* [INFORMATION PROVIDED]
Segment Open

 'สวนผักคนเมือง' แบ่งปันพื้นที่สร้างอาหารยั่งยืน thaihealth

Segment Closed
Segment Open

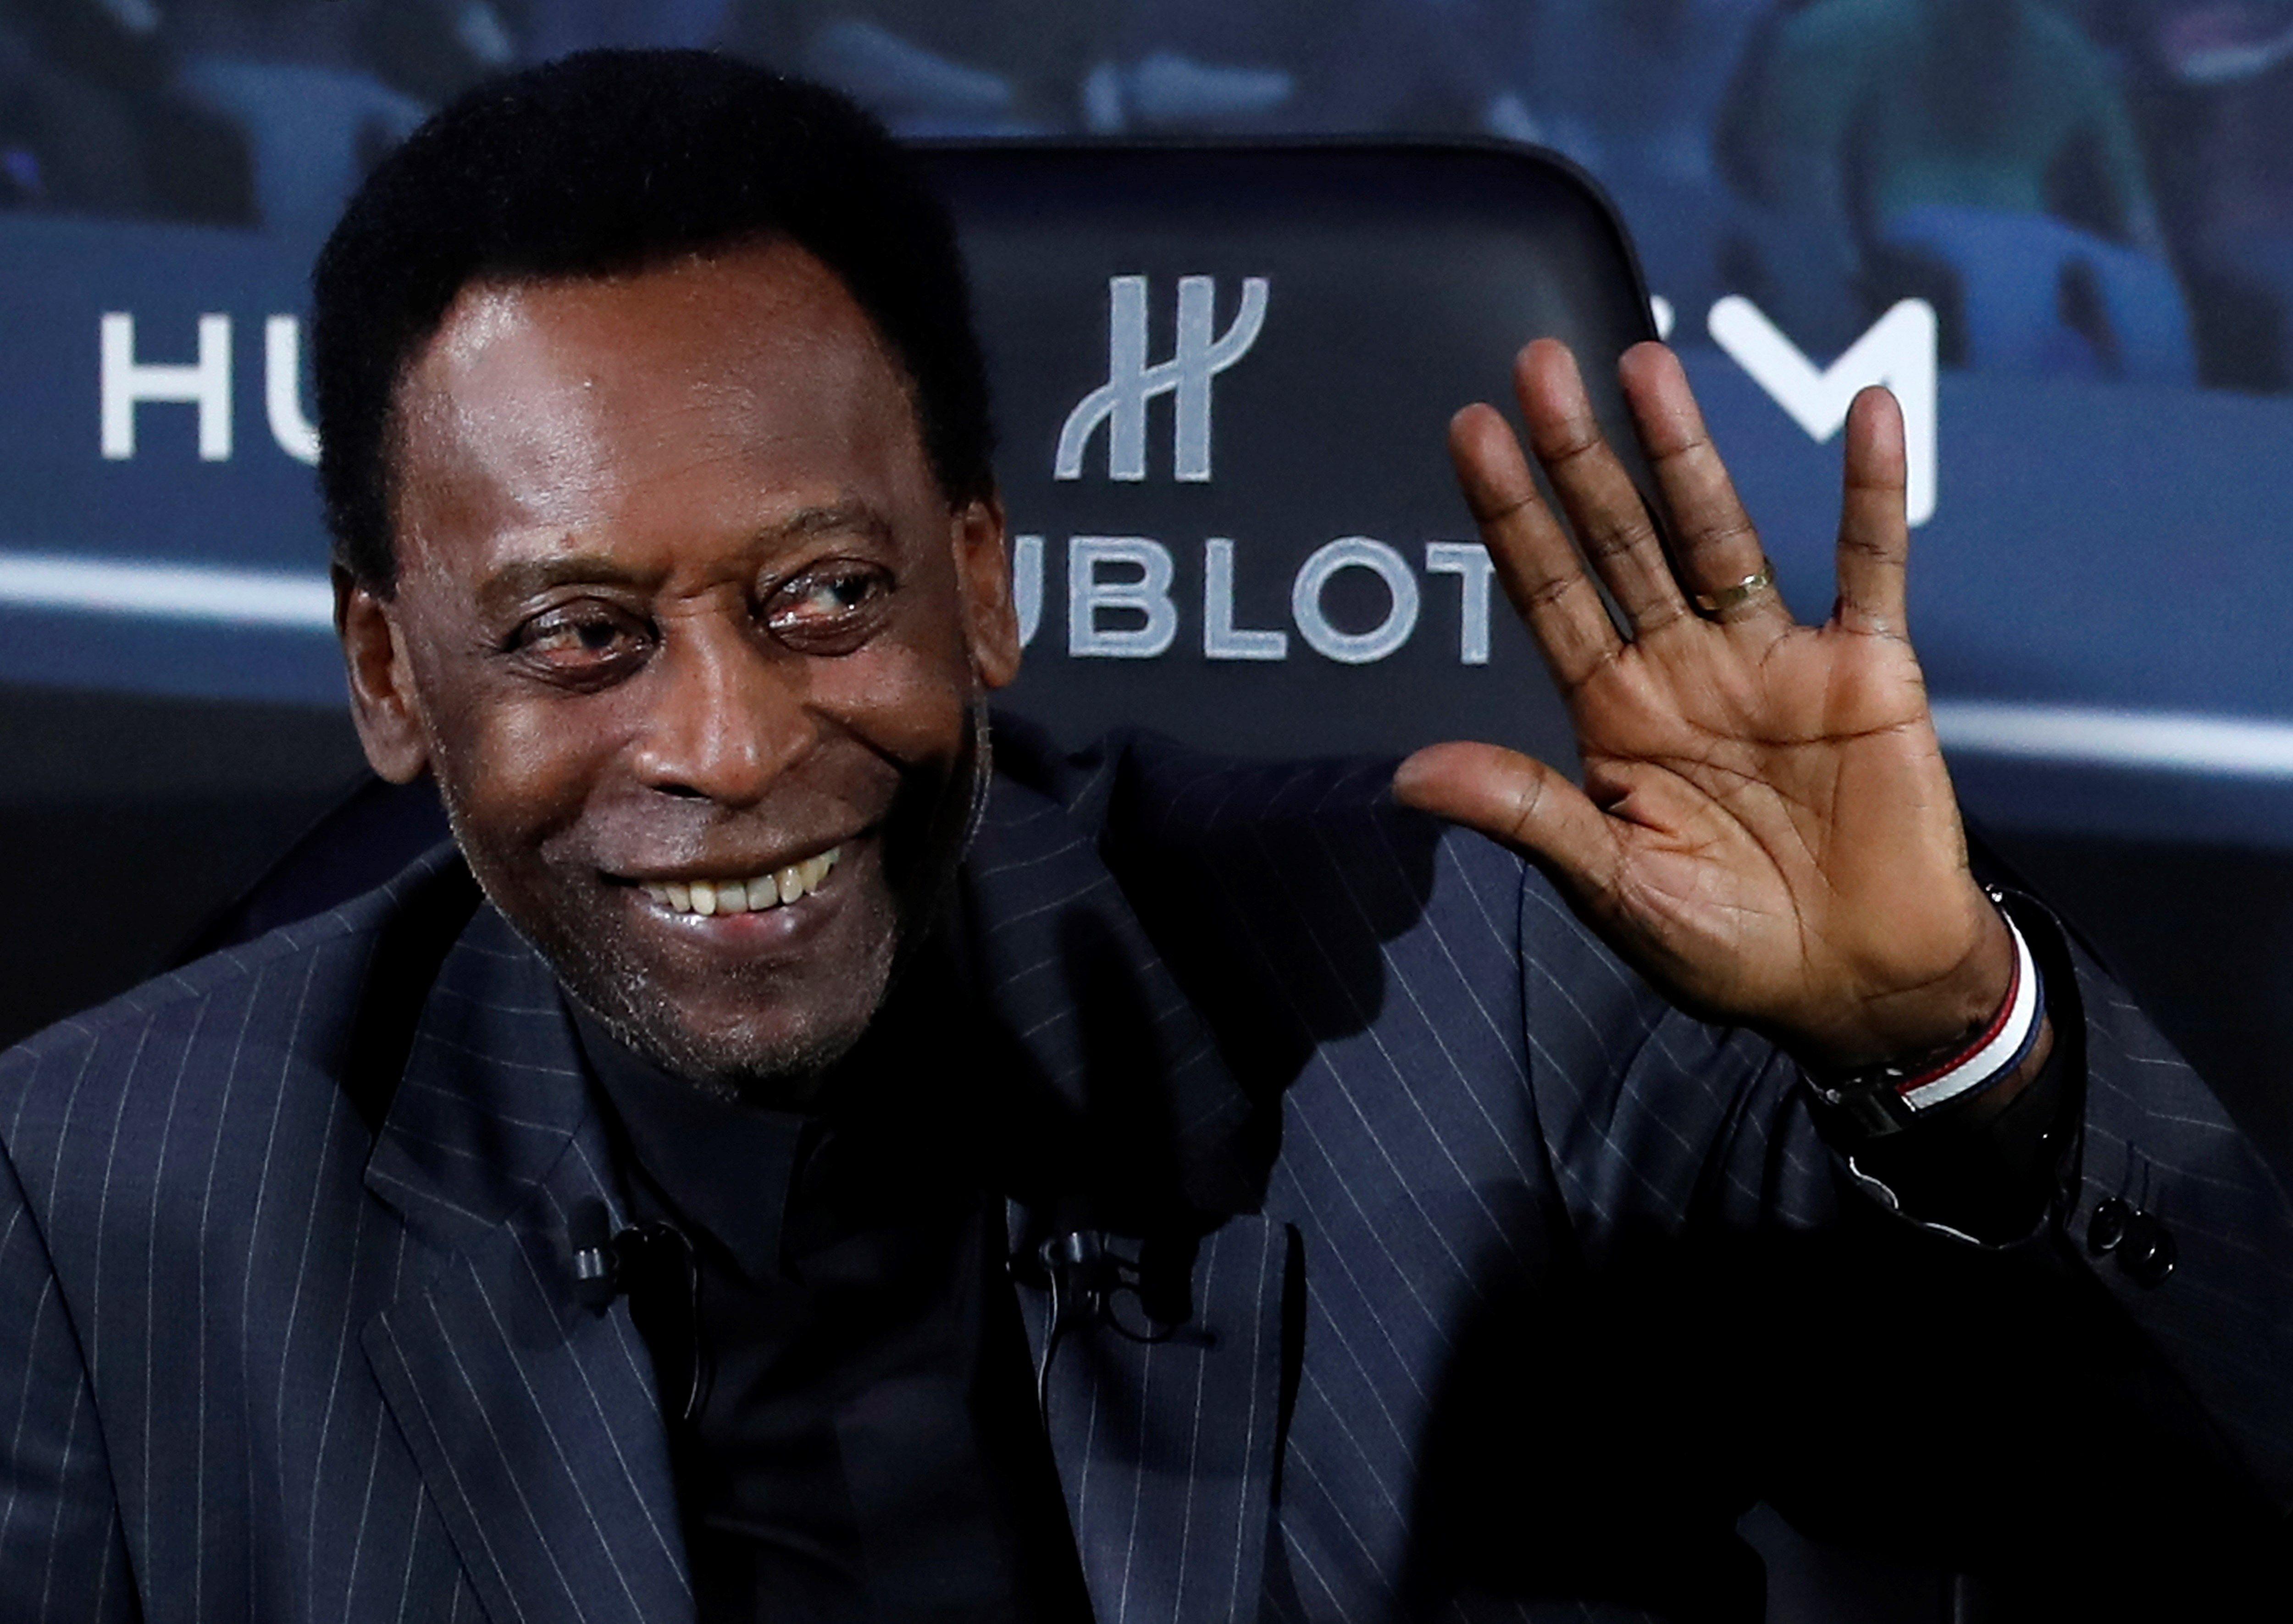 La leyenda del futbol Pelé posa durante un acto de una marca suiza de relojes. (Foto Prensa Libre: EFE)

Segment Closed
Segment Open

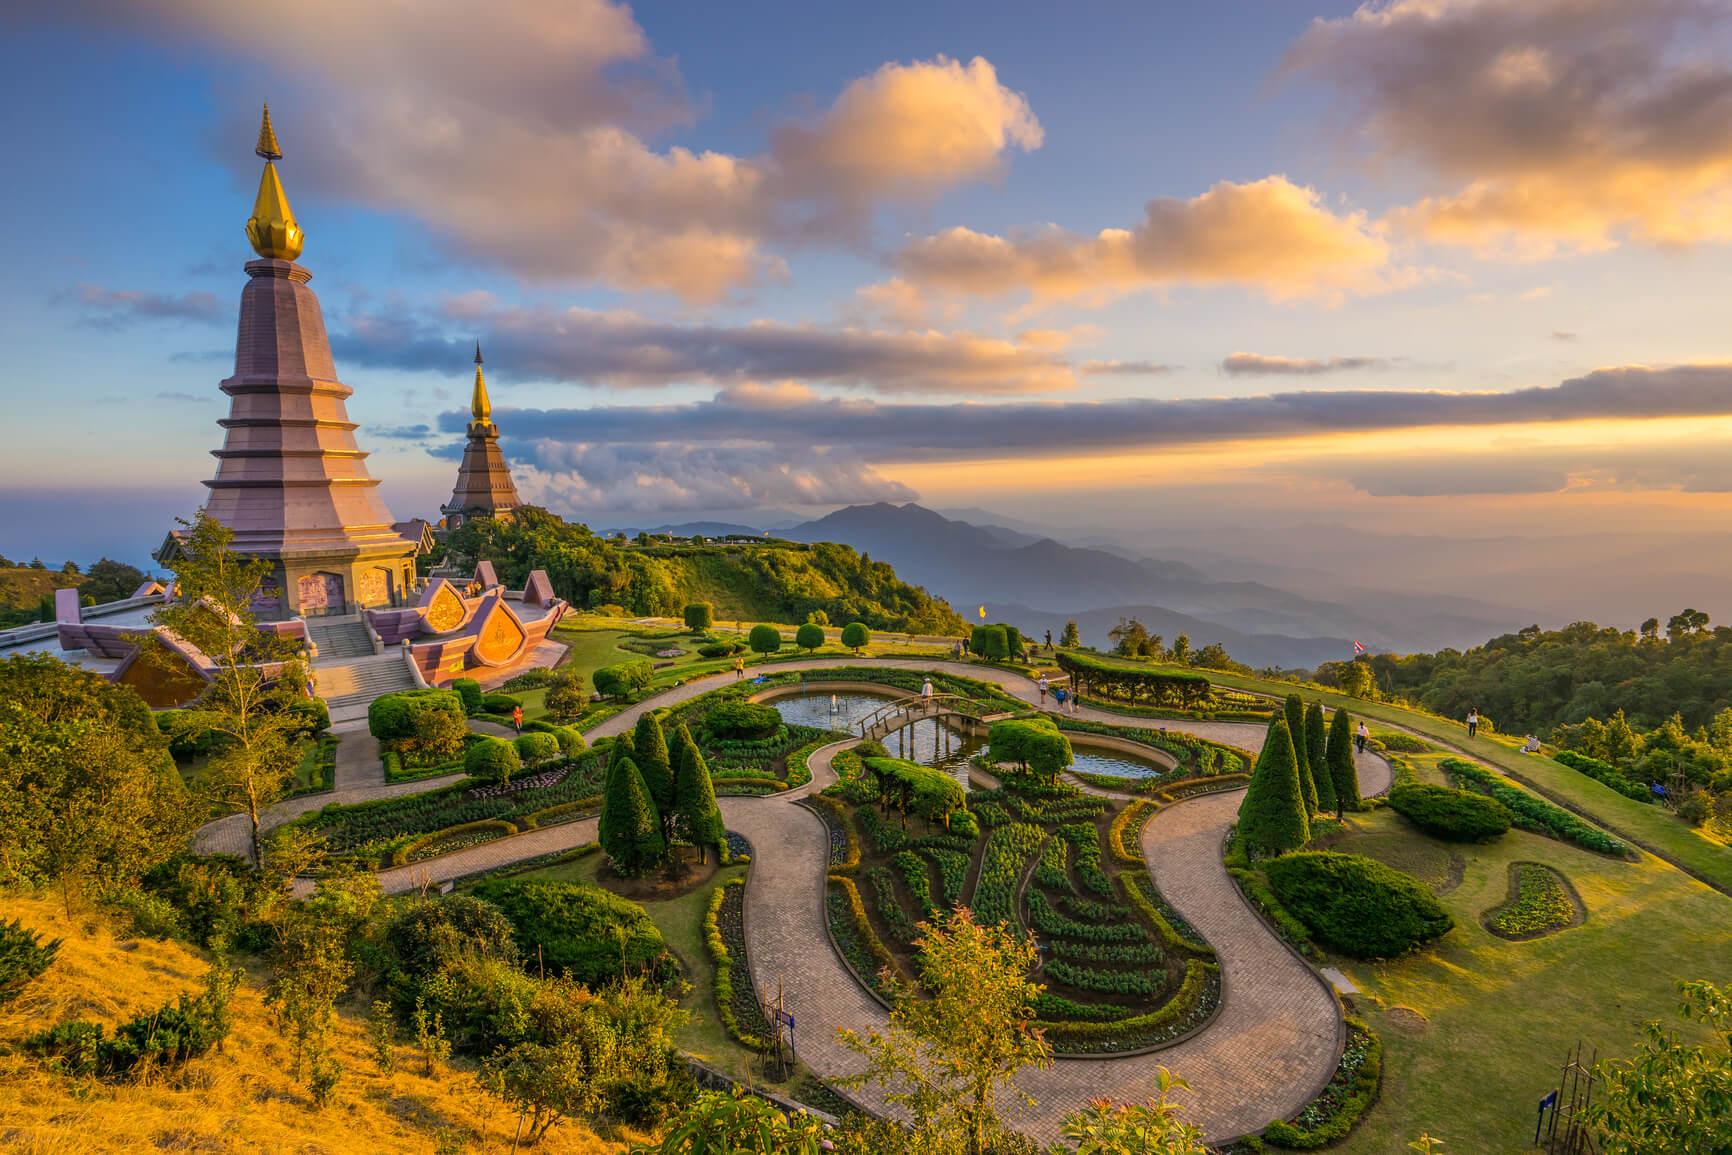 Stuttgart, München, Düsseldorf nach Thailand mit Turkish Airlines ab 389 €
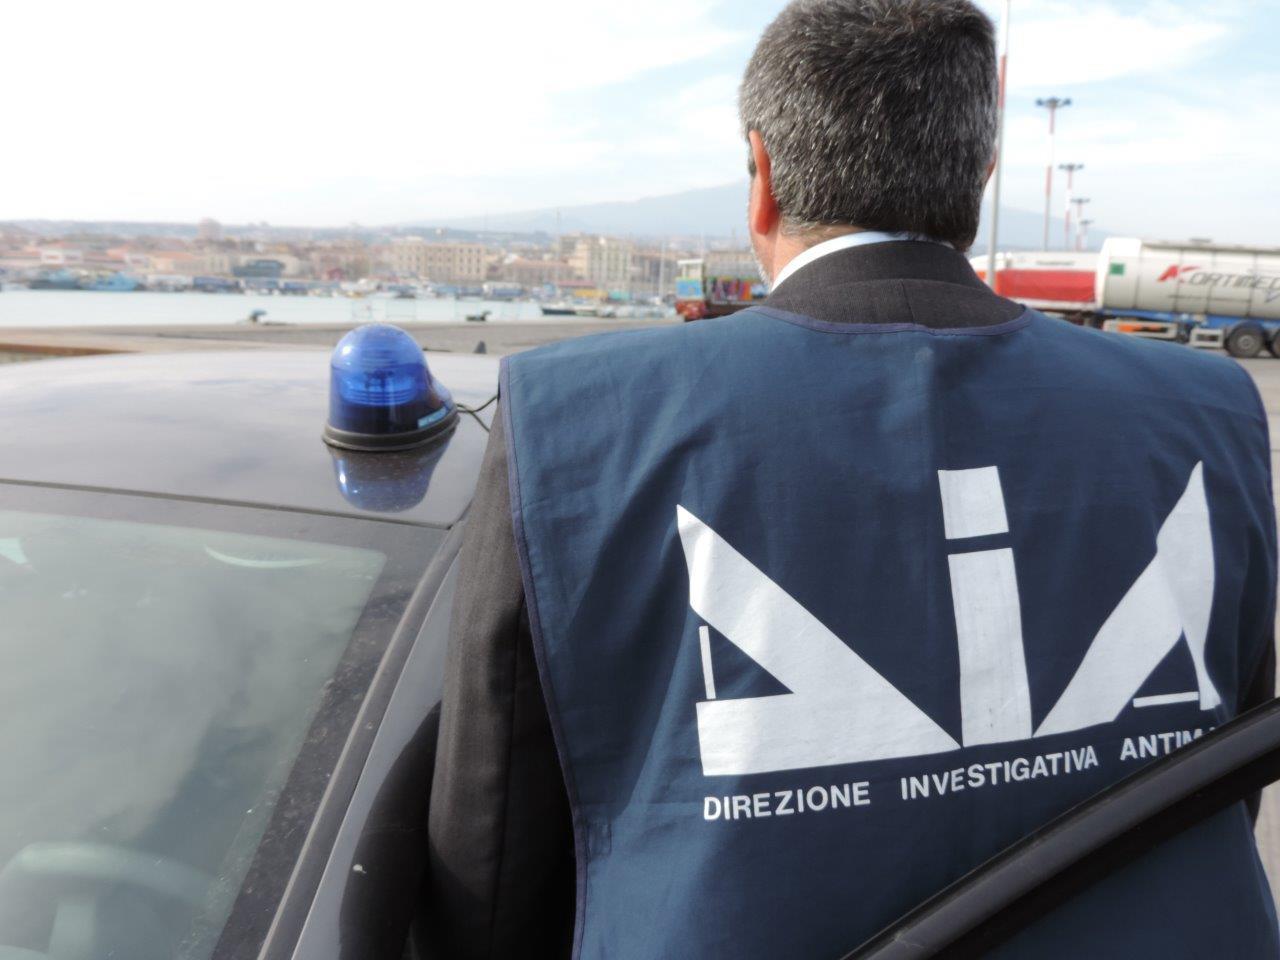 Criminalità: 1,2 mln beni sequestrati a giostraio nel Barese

Segment Closed

Print exactly, with no pictures, the lines above from the one that holds "Stuttgart, München, Düsseldorf" through the one that holds "Criminalità: 1,2 mln", both of them included.

* [EXERCISE ANSWER]
 Stuttgart, München, Düsseldorf nach Thailand mit Turkish Airlines ab 389 €
 Criminalità: 1,2 mln beni sequestrati a giostraio nel Barese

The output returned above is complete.